About Adjusted EBITDA
The Company defines EBITDA as net income (loss) attributable to EnergySolutions plus interest expense (including the effects of interest rate derivative agreements), income taxes, depreciation, impairment charges and amortization. The Company defines Adjusted EBITDA as EBITDA plus non-cash equity compensation expense and, non-cash accretion expense, plus or minus nuclear decommissioning trust fund gains or losses net of management fees, and we have included the changes in ARO cost estimates for the Zion Project as an adjustment to EBITDA to remove certain effects of ARO accounting from this measure. Adjusted EBITDA, as presented in this release, is a supplemental measure of the Company’s performance that is not required by, or presented in accordance with, generally accepted accounting principles in the United States (“GAAP”). It is not a measure of the Company’s financial performance under GAAP and should not be considered as an alternative to net income, GAAP EBITDA or any other performance measures derived in accordance with GAAP or as alternatives to cash flow from operating activities as measures of the Company’s liquidity.

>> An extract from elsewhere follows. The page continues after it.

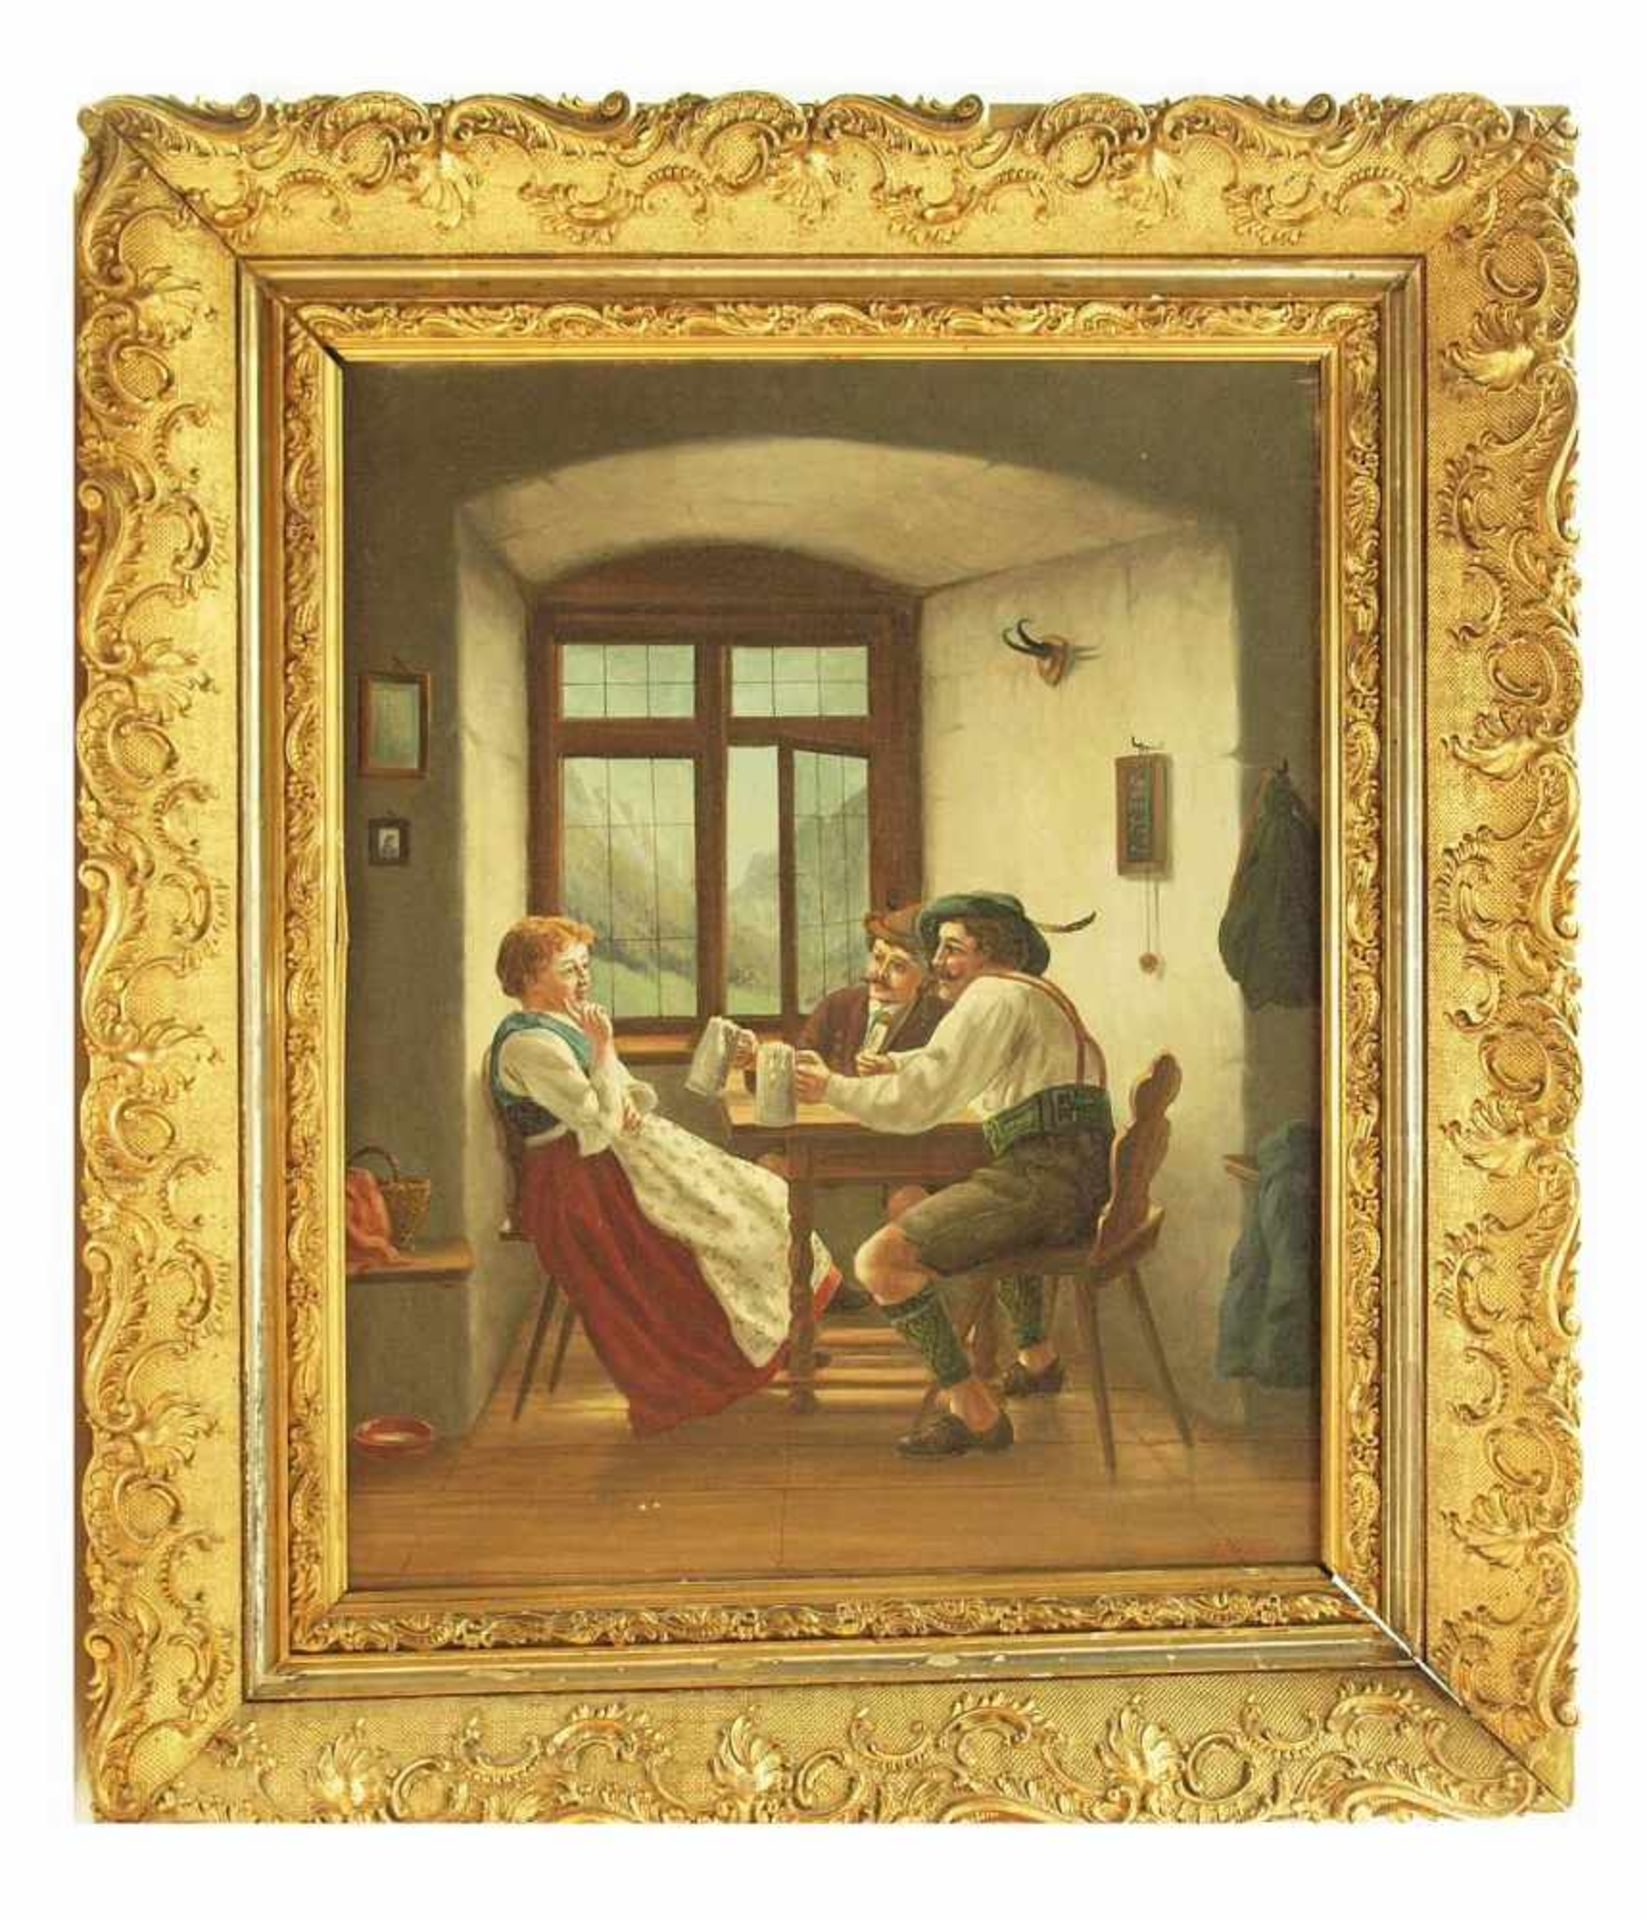 PFISTERER, A. PFISTERER, A. Ende 19. Jahrhundert. Stubeninterieur, zwei Burschen mit junger Frau - Image 3 of 6

The Company’s measurement of Adjusted EBITDA may not be comparable to similarly titled measures of other companies. The Company has included information concerning Adjusted EBITDA in this release because it is used by management to measure operating performance and because the Company believes that such information is often used by certain investors for modeling.
Adjusted EBITDA has limitations as an analytical tool, and investors should not consider it in isolation, or as a substitute for analysis of the Company’s operating results or cash flows as reported under GAAP. Some of these limitations are:
- It does not reflect the Company’s cash flows, cash expenditures, or future requirements for capital expenditures or contractual commitments;
- It does not reflect changes in, or cash requirements for, the Company’s working capital needs;
- It does not reflect the significant interest expense or the cash requirements necessary to service interest or principal payments on the Company’s debt;
- Although depreciation is a non-cash charge, the assets being depreciated will often have to be replaced in the future, and Adjusted EBITDA does not reflect any cash requirements for such replacements;
- It is not adjusted for all non-cash income or expense items that are reflected in the Company’s statements of cash flows; and
- Other companies in the Company’s industry may calculate this measure differently than the Company does, limiting its usefulness as a comparative measure.
Because of these limitations, Adjusted EBITDA should not be considered as a measure of discretionary cash available to the Company to invest in the growth of its business. The Company compensates for these limitations by relying primarily on its GAAP results and using Adjusted EBITDA only for supplemental purposes.